My sister asked if I was going to be able to visit her in Columbus when I came home for the holiday in another day. She actually couldn't remember if it was on my drive from Chicago to Akron. I had to tell her it would be way out of the way.

*****

What a sad reality that my sister could very well not be out of the hospital in time for Christmas. I can't imagine how we're going to have a celebratory gathering of any kind without her, knowing where she is and what's going on with her.

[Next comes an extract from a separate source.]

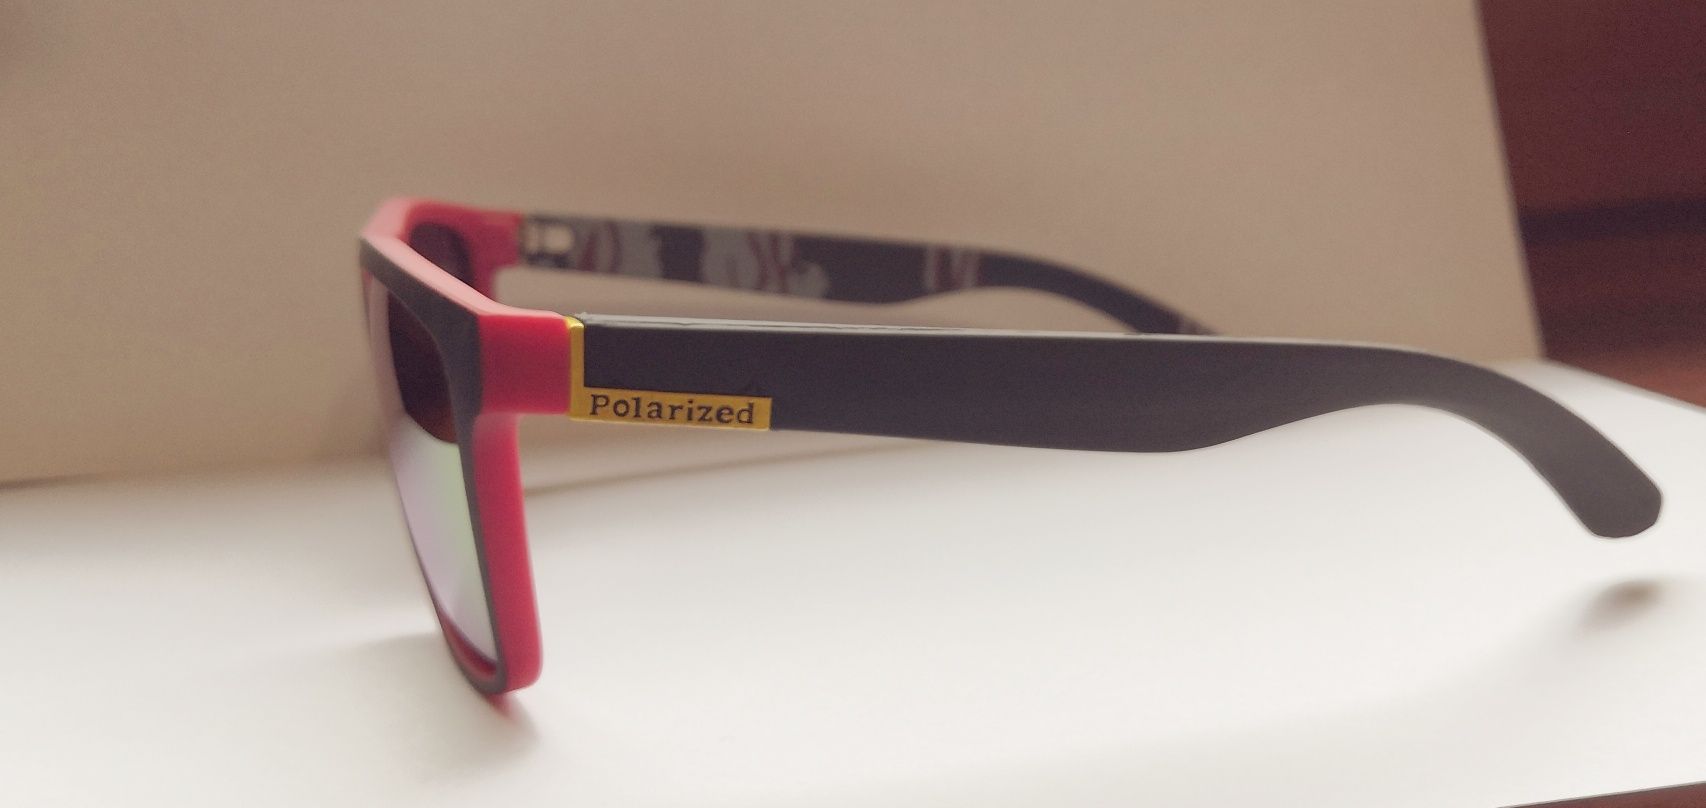 Okulary przeciwsłoneczne antypolaryzacyjne - polarized

Still, I am very much looking forward to going home, hugging my four-legged brother, Murray, and being in my mom's guest bedroom, enjoying all the comforts and luxuries of being in my mom's house, which used to be my grandmother's house and a house where my family once lived for over a year after we came back from being missionaries in Ecuador.

Home is home is home, I guess. "What will it be like for my poor sister come Christmas?" is all I can think. I asked if she had people she could relate to at the ward (where she's been since last Thursday) and she answered something like, "Oh, they're mostly people who are in a such a drastically different situation. They're not ones you feel you can get near to. You know what I'm talking about?"

Without thinking, I answered, "Yeah, I think so. Like the homeless people I used to come across in New York." She didn't correct me.